Werner J. Pichler, M.D., Adverse Drug Reactions – Analysis and Consulting (ADR-AC), 91 Holligenstrasse, CH-3008 Bern, Switzerland. Email: firstname.lastname@example.org
In drug hypersensitivity, change of drug treatment and continuation with a new drug may result in reappearance of drug hypersensitivity symptoms. This is not uncommon in patients with chronic infections requiring continued and long-lasting antibiotic treatments. For the clinician, the question arises whether these symptoms are due to cross-reactivity, are due to a new sensitization or are a reflection of a multiple drug hypersensitivity syndrome. Based on the p-i concept (pharmacological interaction with immune receptors), we propose that the efficient stimulation of T cells by a drug is the sum of drug–T-cell receptor affinity and readiness of the T cell to react, and therefore not constant. It heavily depends on the state of underlying immune activation. Consequently, drug hypersensitivity diseases, which go along with massive immune stimulations and often high serum cytokine values, are themselves risk factors for further drug hypersensitivity. The immune stimulation during drug hypersensitivity may, similar to generalized virus infections, lower the threshold of T-cell reactivity to drugs and cause rapid appearance of drug hypersensitivity symptoms to the second drug. We call the second hypersensitivity reaction a “flare-up” reaction; this is clinically important, as in most cases the second drug may be tolerated again, if the cofactors are missing. Moreover, the second treatment is often too short to cause a relevant sensitization.

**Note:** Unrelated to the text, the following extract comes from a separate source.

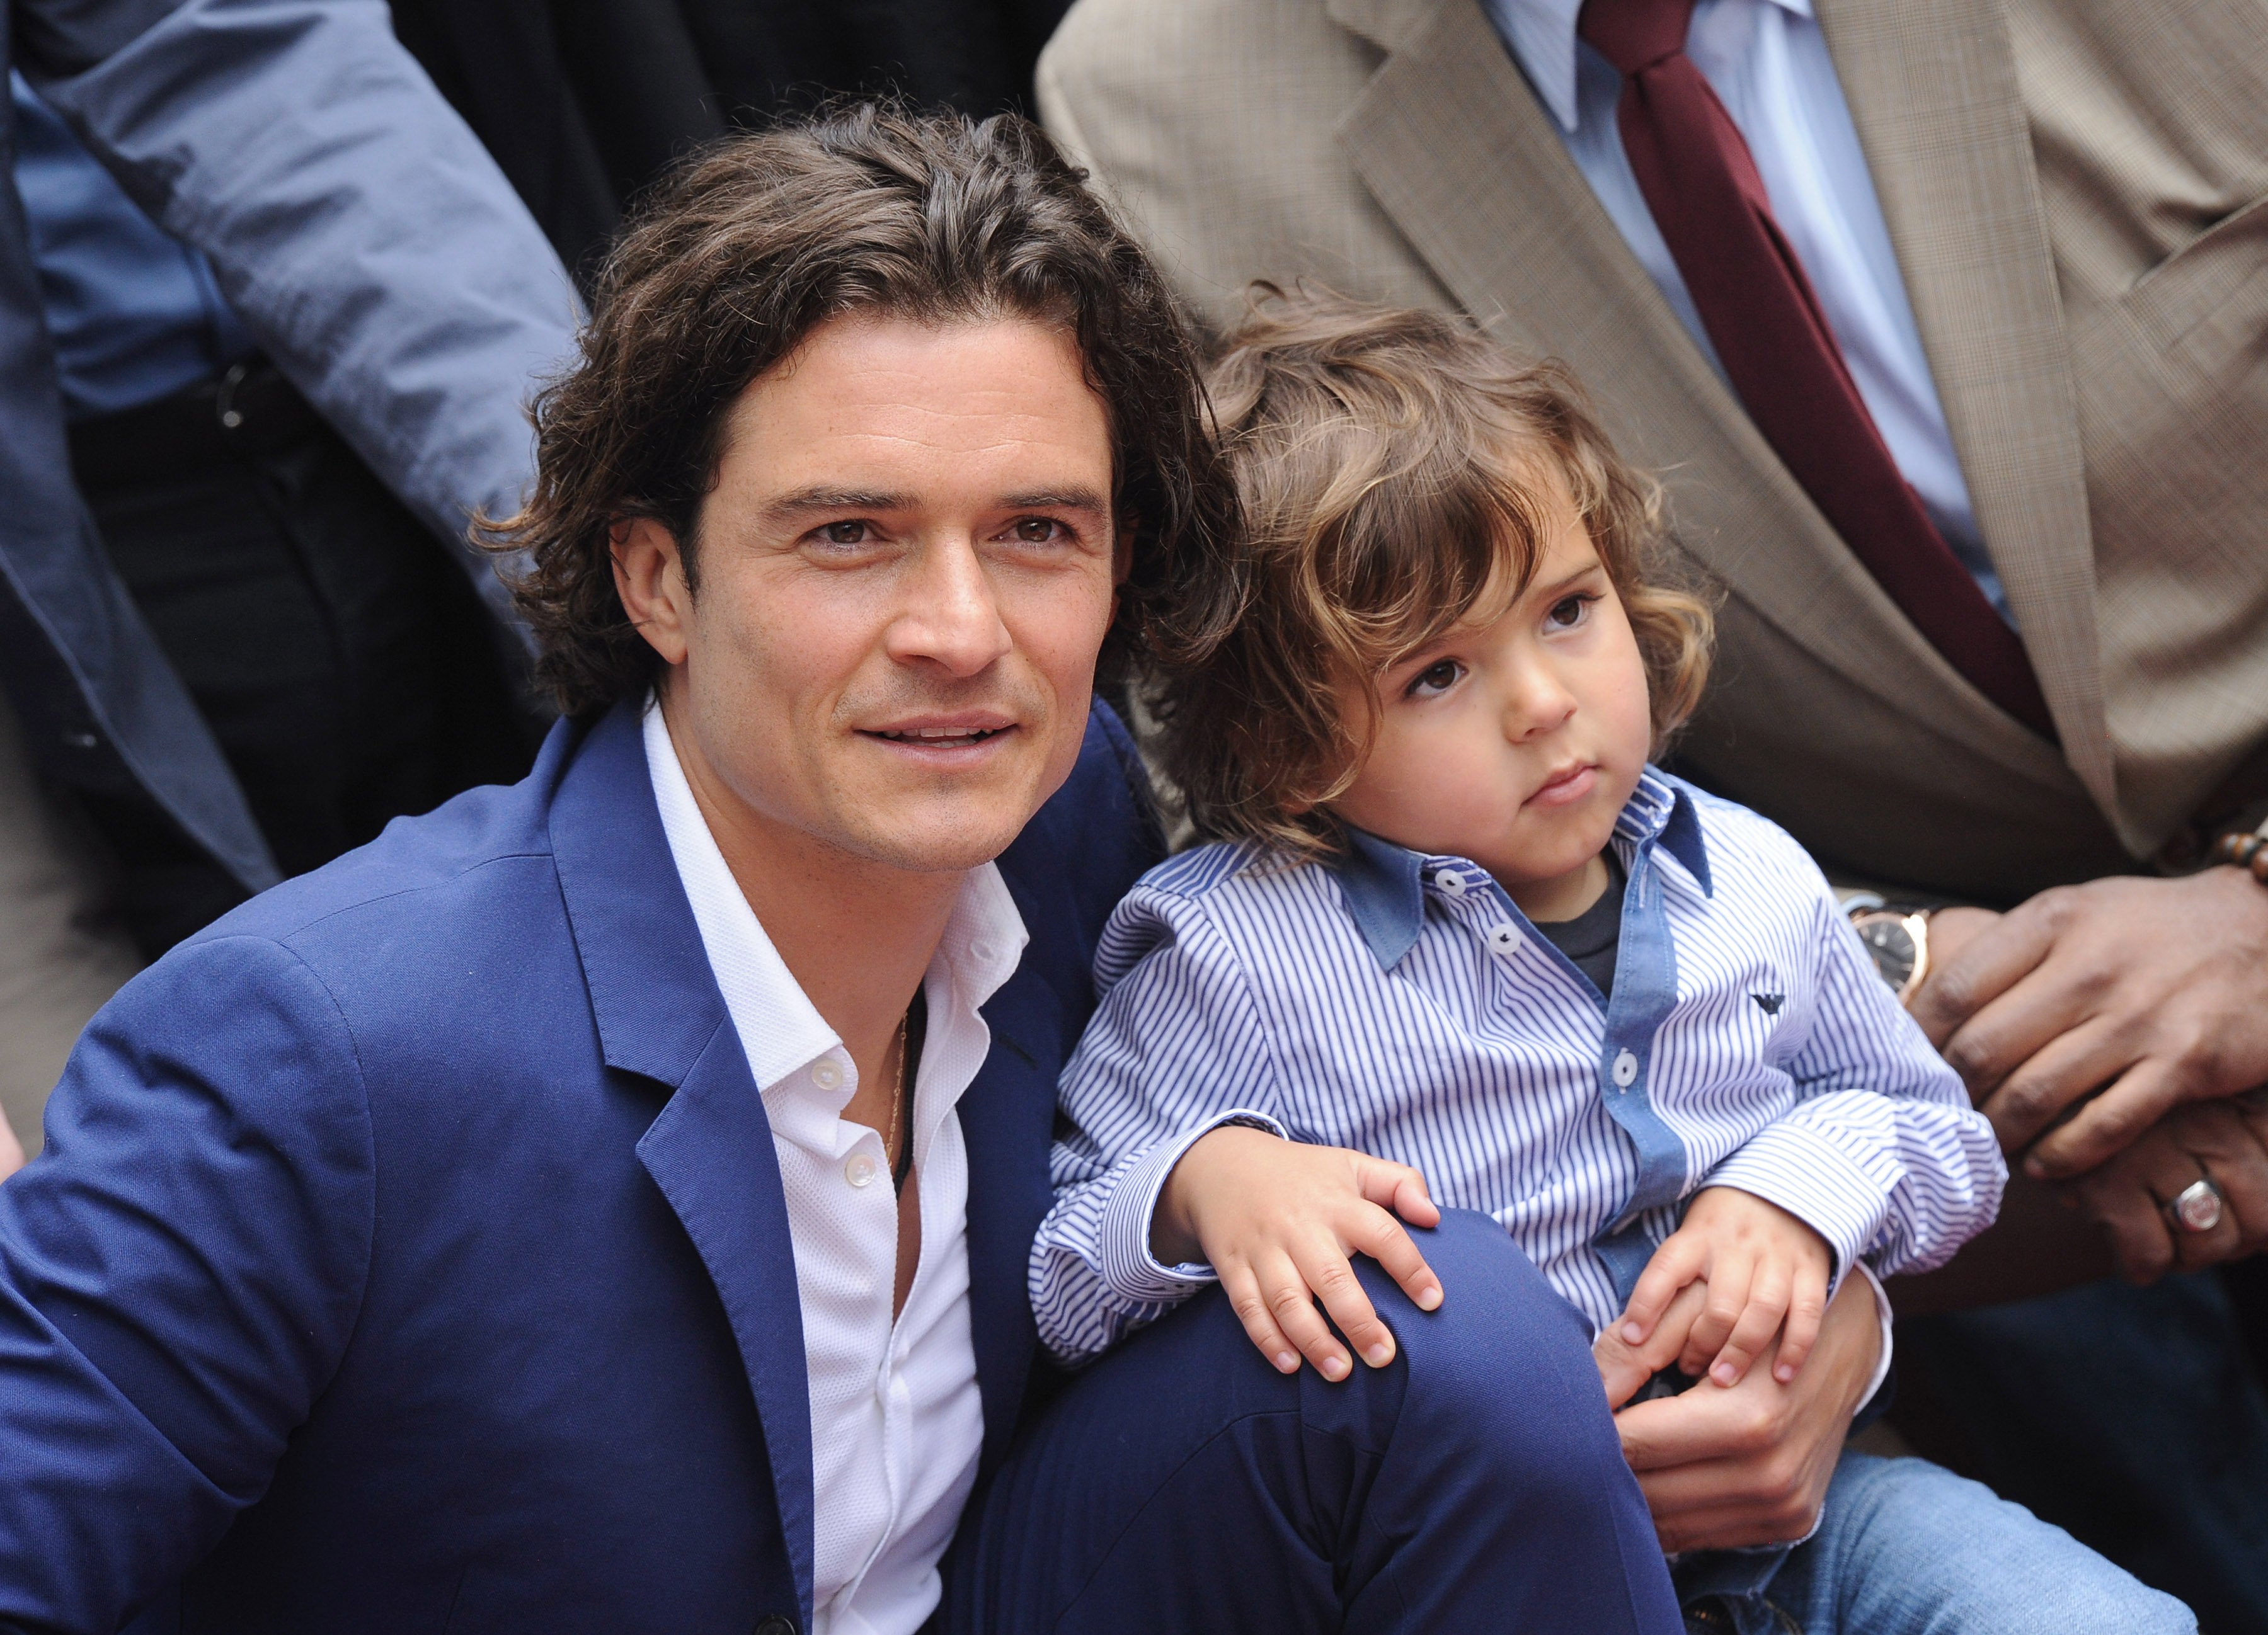 Orlando Bloom and his son Flynn attend Bloom's Hollywood Walk of Fame star honor event in California on April 2, 2014 | Photo: Getty Images

Drug hypersensitivity (DH) reactions are unusual and complicated diseases, both clinically and mechanistically: they are not elicited by an infectious agent, but by immune reactions to small molecules. However, small molecules like drugs, which often have a size below 1000 D, are actually too small to be immunogenic per se and are assumed to be unable to elicit an immune reaction. How is it then possible that immune reactions to drugs develop? One hypothesis postulates that drugs causing allergies have the ability to bind covalently to larger proteins.1–3 This makes them immunogenic and antigenic. The resulting immune mechanisms are very heterogeneous and result in a wide variety of diseases.4,5
A further level of complexity of DH is based on the pharmacological activity of the drug itself: it was found that even drugs unable to bind covalently to proteins may bind to T-cell receptors (TCR) and/or major histocompatibility complex (MHC) molecules, as they bind to other receptors.6,7 This pharmacological interaction model does not require that the drug binds first covalently to proteins/peptides. Instead, this drug binds directly to immune receptors by van der Waals forces, electrostatic and hydrogen bonds among others. This binding is actually similar to TCR interactions with peptides presented by MHC molecules. Under certain circumstances this rather labile interaction of a small drug with a certain TCR or MHC molecule stimulates T cells. Stimulation may occur only if: (i) the drug has a certain affinity for the particular TCR; (ii) a supplementing interaction of the TCR with the MHC molecule takes place; and (iii) if the T cell is ready to react to such a minor signal given by the drug–TCR interaction. Details of this so-called p-i concept (pharmacological interaction with immune receptors) has been described and reviewed previously.6–8
For the following discussion, one has to keep in mind that:
1 Only pre-activated T cells (memory and effector T cells) react to drugs directly, as these memory T cells have a lower threshold for reactivity.9 Factors increasing the T-cell reactivity may also increase reactivity to drugs.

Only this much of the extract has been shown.